December 15, 2005

I Became an Orphan

Imagine my parents' surprise when I told them I was an orphan!

Way back, when I was still using continuous enteral feeding (1995), Dr. Barnett at London Health Sciences Center, did something invaluable. He was completely honest with me and said, 'Christine, this is the best that I can do for you. You are young, with a young family. If you'd like, I will refer you to a colleague who is doing some research. He may be able to help you return to a more normal life.' I didn't know it then, but he was treating the whole patient, not the disease.

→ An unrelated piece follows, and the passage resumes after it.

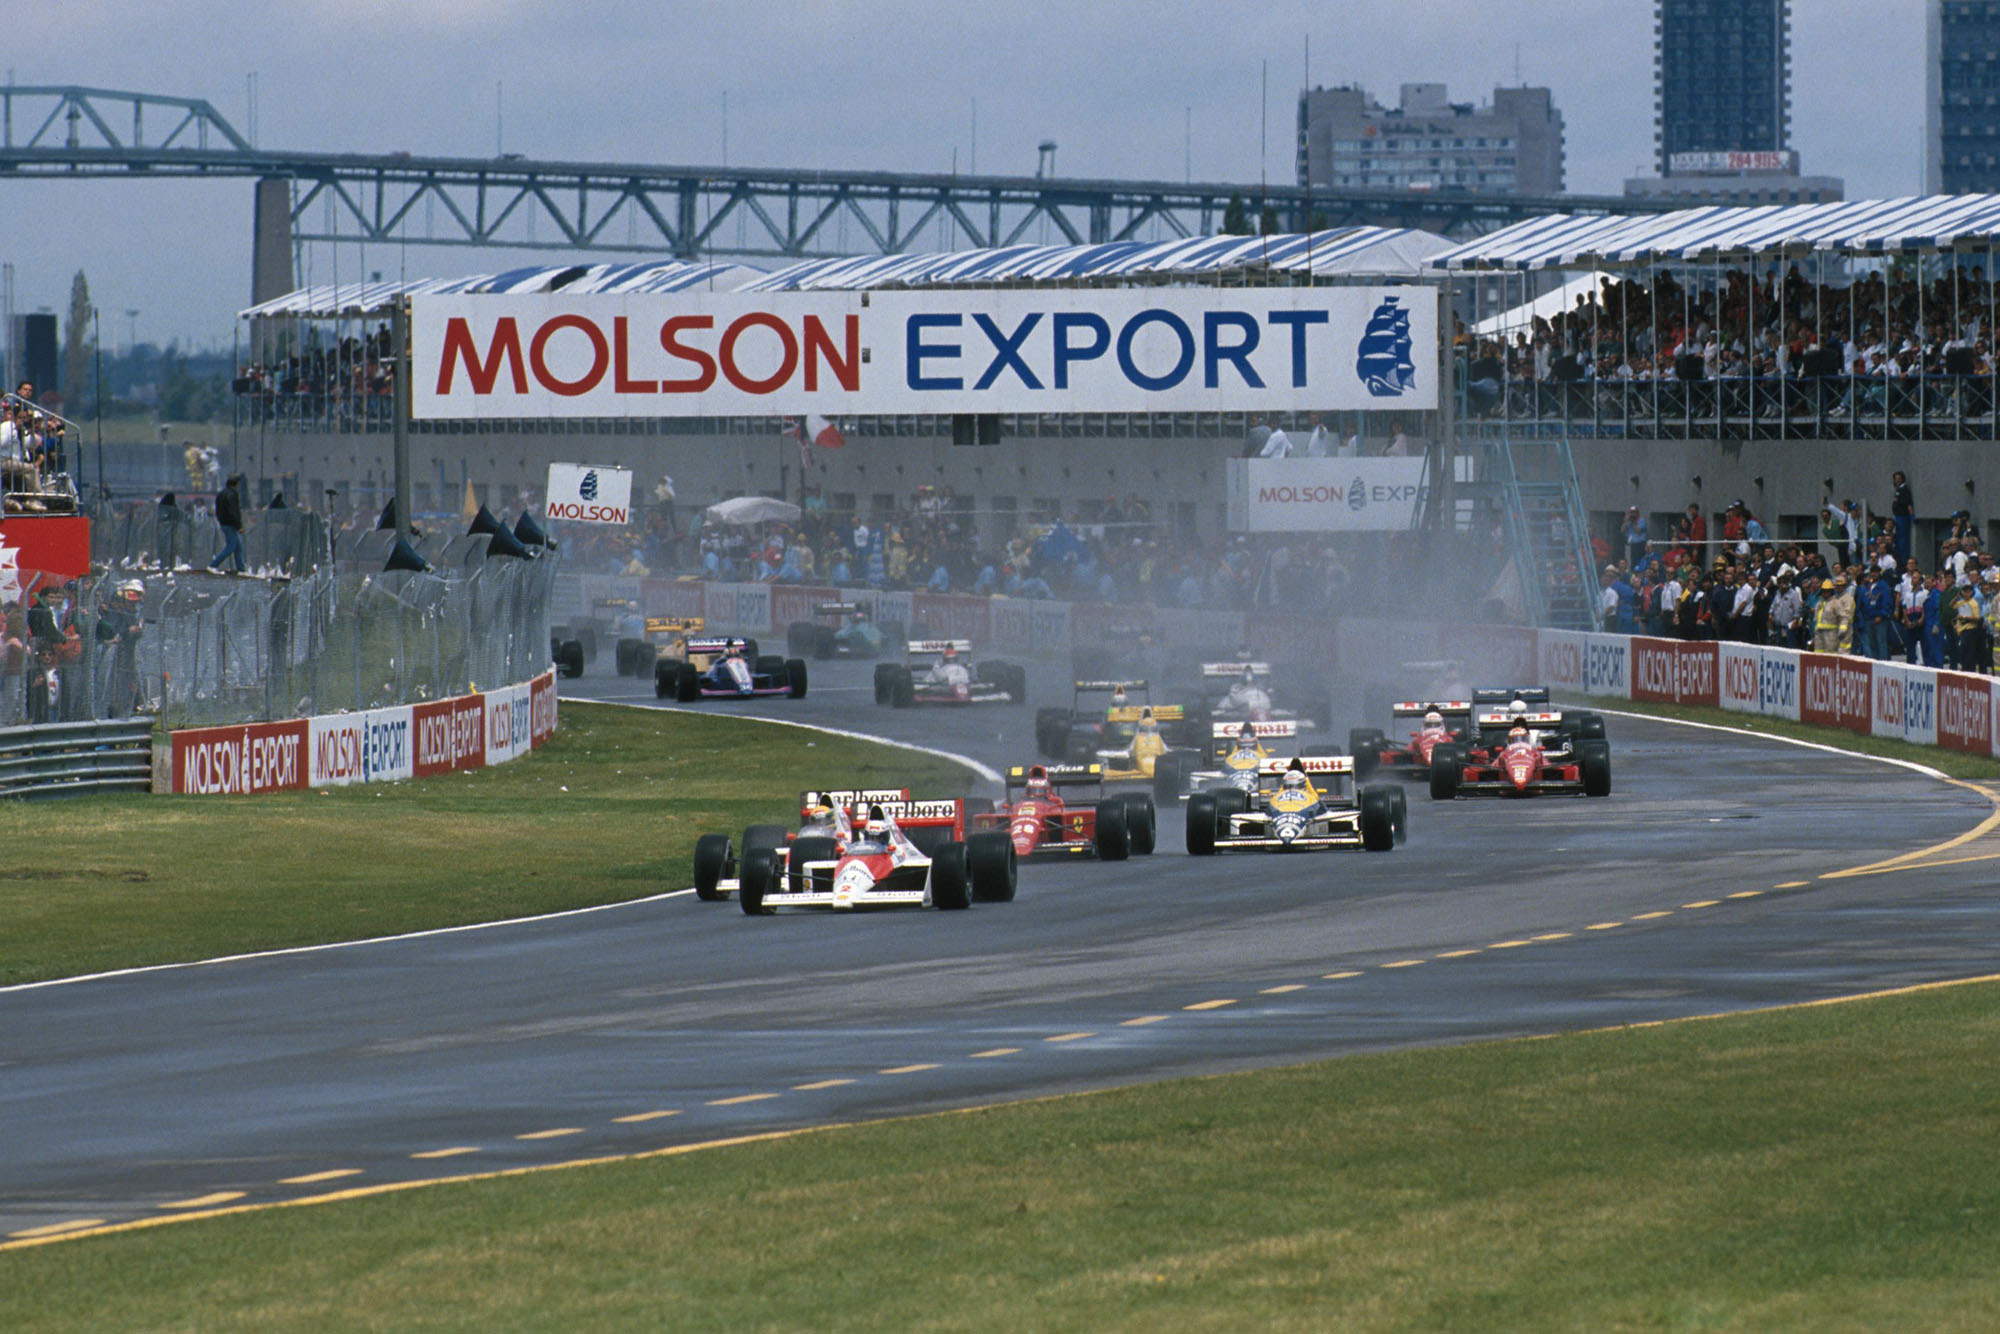 1989 CAN GP start

We understood that it was research. Nobody knew if the technology would resolve my gastroparesis. But, we had nothing to lose and everything to gain. I didn't understand the physiology of gastroparesis. I knew the symptoms: nausea, vomiting, pain; and these disappeared when the pacemaker was turned on. They returned immediately and as strong as ever, when the gastric pacer was turned off. It wasn't without its glitches (defective pacemaker, programming loop problem), but my life turned around with the pacer. I had no need for a feeding tube. My stomach was working; I felt well. I was following up with the doc every 6 months; interrogate the pacer; see ya' later.

When the doctor moved to a different hospital, I didn't think it would change my care plan. But when he took a sabbatical, that began shortly after I started experiencing problems, well, that changed everything. Just weeks after his sabbatical began, I heard rumors that he wouldn't be returning. And he didn't.

It slowly dawned on me that I was an orphan. I was a patient with a pacemaker, without anyone to maintain the device. Truly, I was orphaned before he left. Because I'd been so well, we didn't maintain the pacemaker the way we should have. We'd been too quick to dismiss pain, for example, that may have led to a fluoroscopic investigation that may have revealed erosion in the leads. May have. Hindsight being near-perfect, and all.

Would it have made a difference? I'll never know.

Funny, the things you take for granted when you feel well.